Algorithm	Fbest ($/h)	Fworst ($/h)	Fmean ($/h)
SA [46]	32,786.40	33,028.95	32,869.51
GA [47]	32,779.81	33,041.64	32,841.21
MTS [53]	32,716.87	32,796.15	32,767.21
TSA [54]	32,917.87	33,245.54	33,066.76
PSO [46]	32,724.17	32,841.38	32,807.45
SPSO [48]	32,858.00	33,331.00	33,039.00
AIS [55]	32,854.00	32,892.00	32,873.25
GWO	32,743.30	32,857.96	32,784.96
GWOI	32,733.90	32,889.63	32,783.22
GWOII	32,734.62	32,817.91	32,774.82
NGWO	32,712.61	32,830.61	32,752.78

compares the F_best, F_worst, and F_mean of the four versions of GWO with those of the techniques that are listed above. As shown in Table 13, NGWO achieved the best F_best and F_mean and the third best F_worst. GWOII provided the best F_worst, and MTS obtained the second best F_best, F_worst, and F_mean. Figure 15 shows the convergence curves of average evaluation values of the 15-generator systems while using the four versions of the GWO method. The NGWO was the fastest algorithm to converge to the global optimal solution as can be seen from the simulation. Figure 16 displays the distribution outline of the best solution in 30 runs and, in most of the trials, the NGWO method obtained a better-quality solution and strong, robust characteristics.
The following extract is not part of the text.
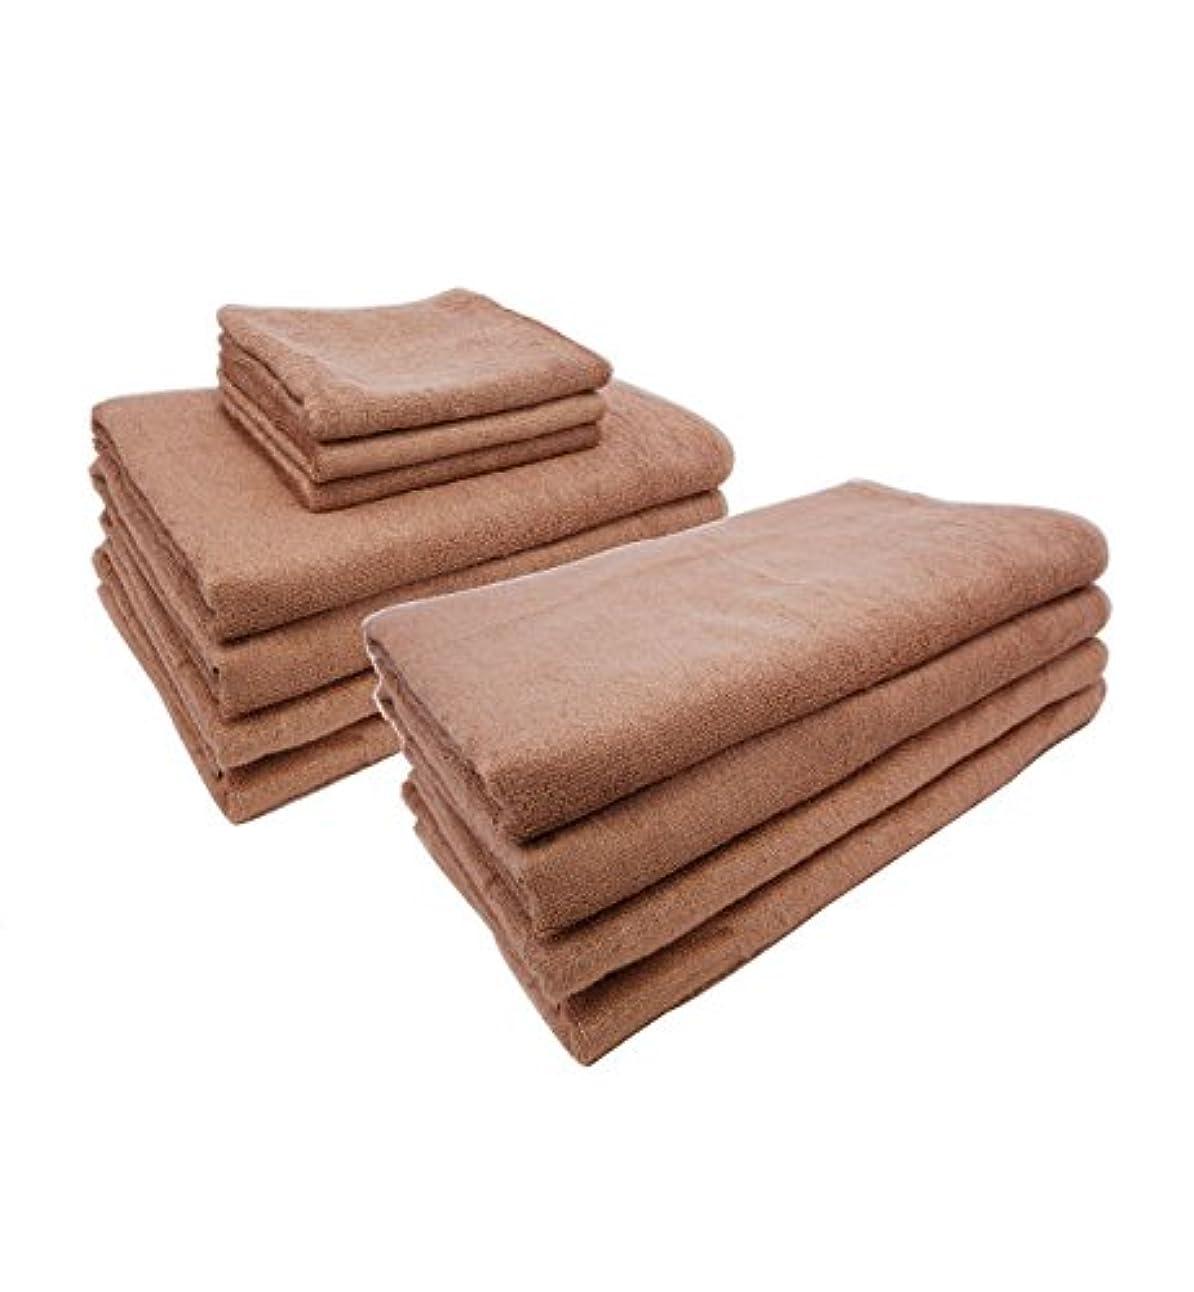 未接続更新するスカーフまとめ売り やわらか バンブー 竹繊維 バスタオルL (ソフトベージュ 5枚) 80×150cm 竹タオル 業務用タオル

6. Conclusions and Future Work

In this paper, we successfully applied the proposed NGWO technique to solve the ELD problem by considering the ramp rate limits, POZ constraints, and nonsmooth cost functions. The NGWO algorithm was validated to improve both the global exploration capability and the convergence rates and it had the best robustness when compared to the other three versions of the GWO algorithms. Furthermore, the results, when compared to all the other compared algorithms in five cases, demonstrated the outstanding superiority of the NGWO method in solving the ELD problem.
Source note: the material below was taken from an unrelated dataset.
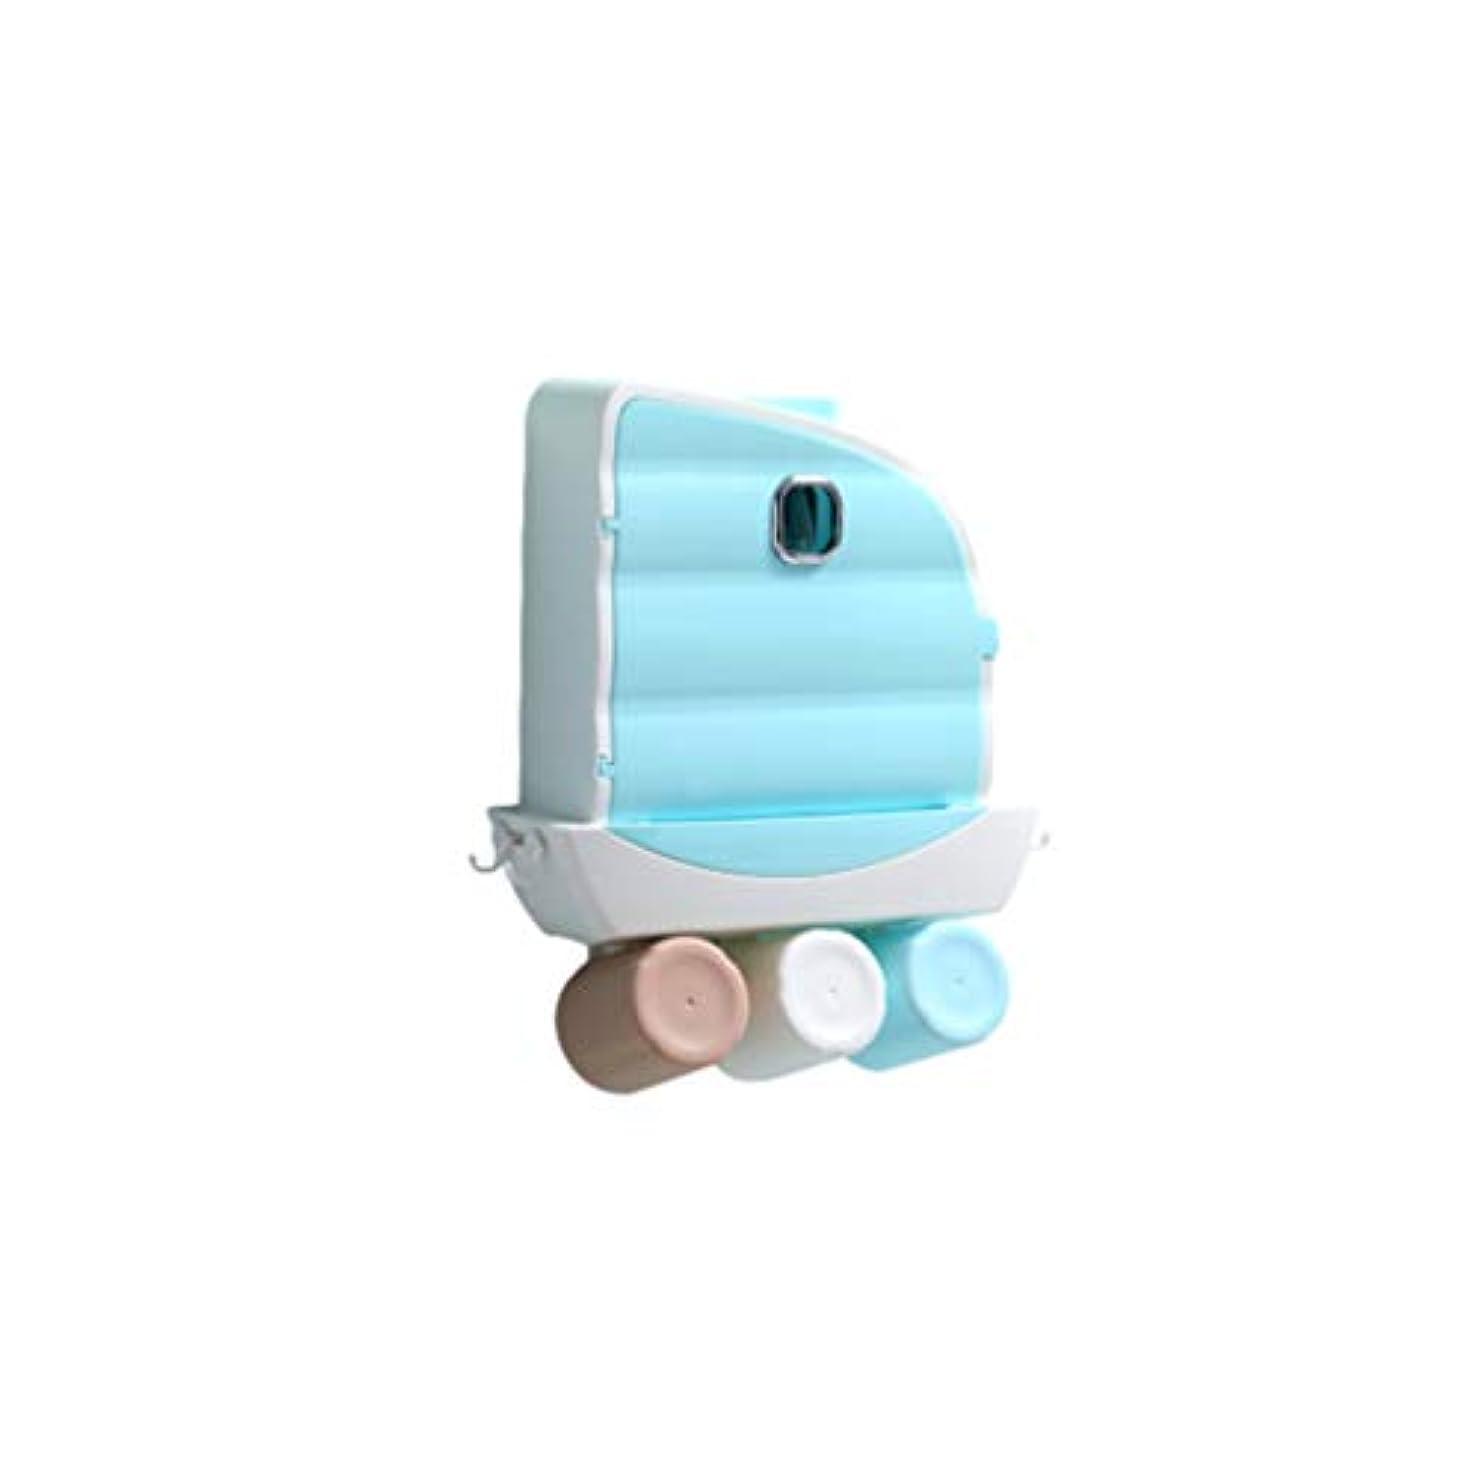 心のこもった約束する刈るHealifty 歯ブラシホルダー壁掛け歯磨き粉スクイーザーキット(3カップ付き)

The superiority of the NGWO algorithm in solving ELD problems was proven. Although our research has not been yet applied to any utility companies or energy providers, we believe that the application of this algorithm in the future will surely improve the operational level of these companies. Next, an interesting application would be to apply the algorithm to training neural networks, optimizing restrictive engineering structures, and solving multiobjective optimization problems. However, for the large-scale power systems of Cases II, III, and V, the robustness of the NGWO algorithm in solving these problems is not as perfect as in solving Cases I and IV, so the optimization performance of the NGWO algorithm can still be improved.